Text Injection for Capitalization and Turn-Taking Prediction in Speech Models

  • paper_url: http://arxiv.org/abs/2308.07395
  • repo_url: None
  • paper_authors: Shaan Bijwadia, Shuo-yiin Chang, Weiran Wang, Zhong Meng, Hao Zhang, Tara N. Sainath
  • for: 提高auxiliary任务性能(非ASR任务)
  • methods: 使用文本注入法(JEIT)对ASR模型进行训练,并同时完成两个auxiliary任务
  • results: 提高了长尾数据的首字母排序性能,以及提高了对话转接检测的受检率
    Abstract Text injection for automatic speech recognition (ASR), wherein unpaired text-only data is used to supplement paired audio-text data, has shown promising improvements for word error rate. This study examines the use of text injection for auxiliary tasks, which are the non-ASR tasks often performed by an E2E model. In this work, we use joint end-to-end and internal language model training (JEIT) as our text injection algorithm to train an ASR model which performs two auxiliary tasks. The first is capitalization, which is a de-normalization task. The second is turn-taking prediction, which attempts to identify whether a user has completed their conversation turn in a digital assistant interaction.
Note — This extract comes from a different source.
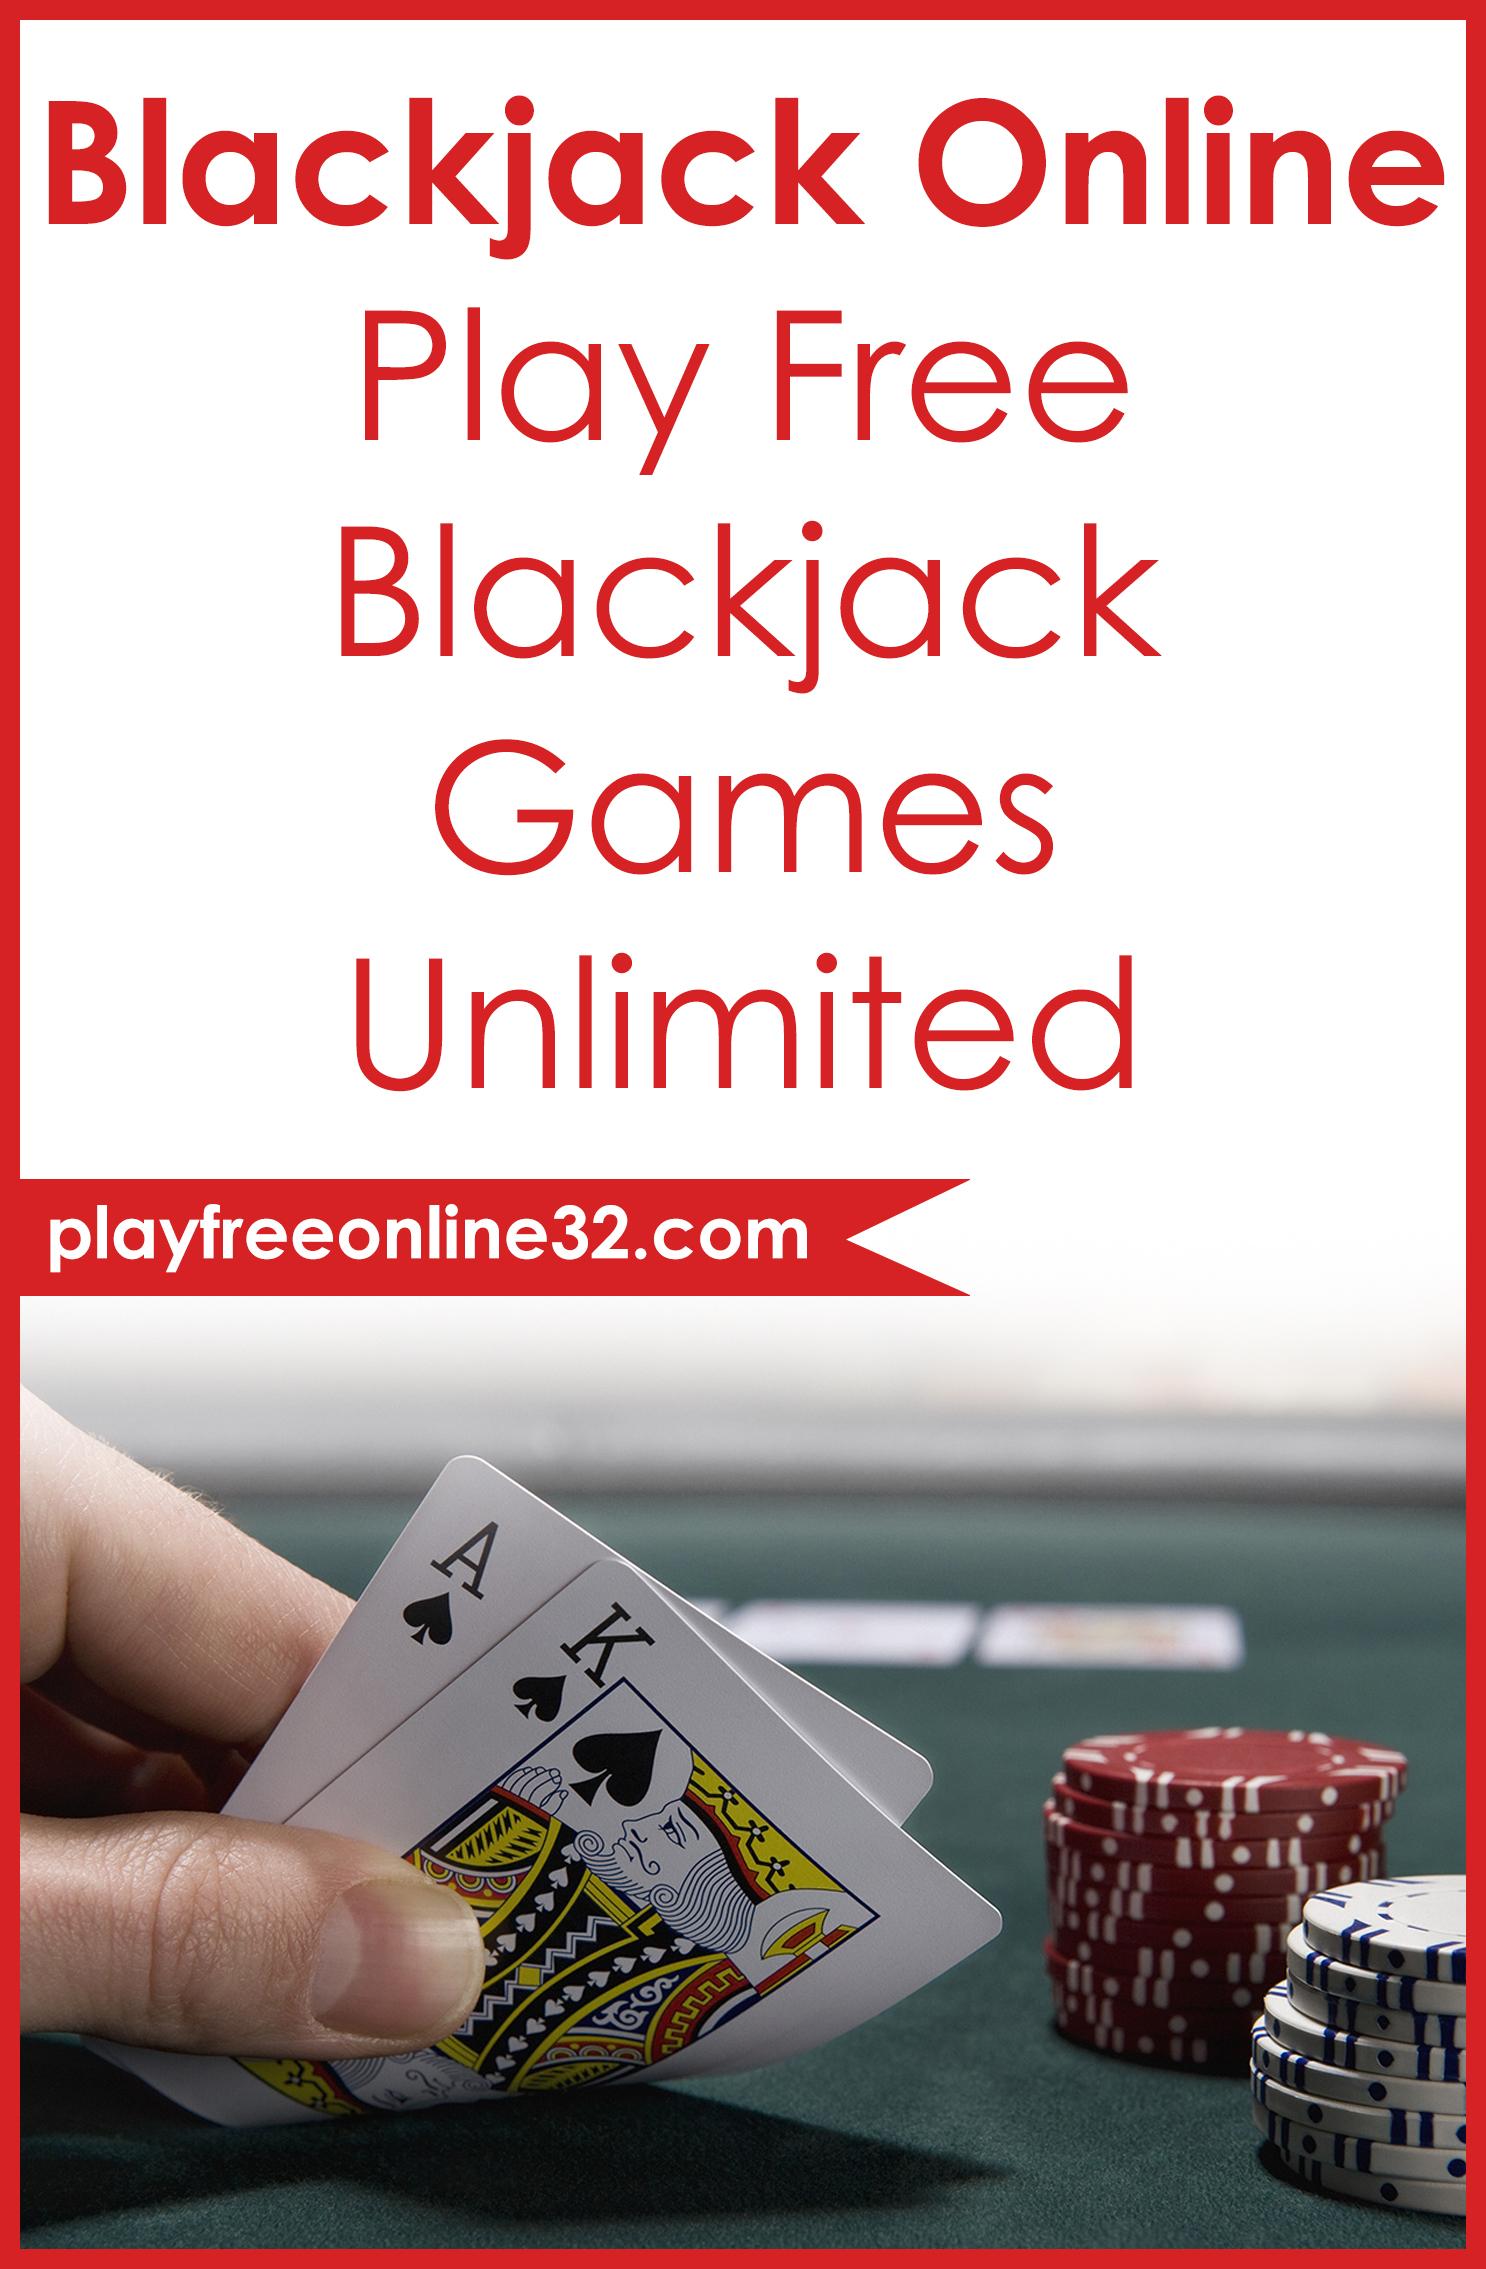 Blackjack Online • Play Free Blackjack Games Unlimited Pinterest

We show results demonstrating that our text injection method boosts capitalization performance for long-tail data, and improves turn-taking detection recall.
    摘要 文本注入技术用于自动语音识别(ASR),其中不带文本数据用于补充带有音频文本数据的训练,已经显示出了词错率的明显改善。本研究探讨了文本注入的应用于 auxiliary task,这些任务通常由一个端到端模型完成。在这个工作中,我们使用联合端到端和内部语言模型训练算法(JEIT)来训练一个 ASR 模型,该模型同时完成了两个 auxiliary task。第一个是字母大小Normalization 任务,第二个是对话交换预测任务,它们是在数字助手交互中确定用户是否已经完成了对话转换。我们的文本注入方法可以提高长尾数据的字母大小正确率,并提高对话交换检测精度。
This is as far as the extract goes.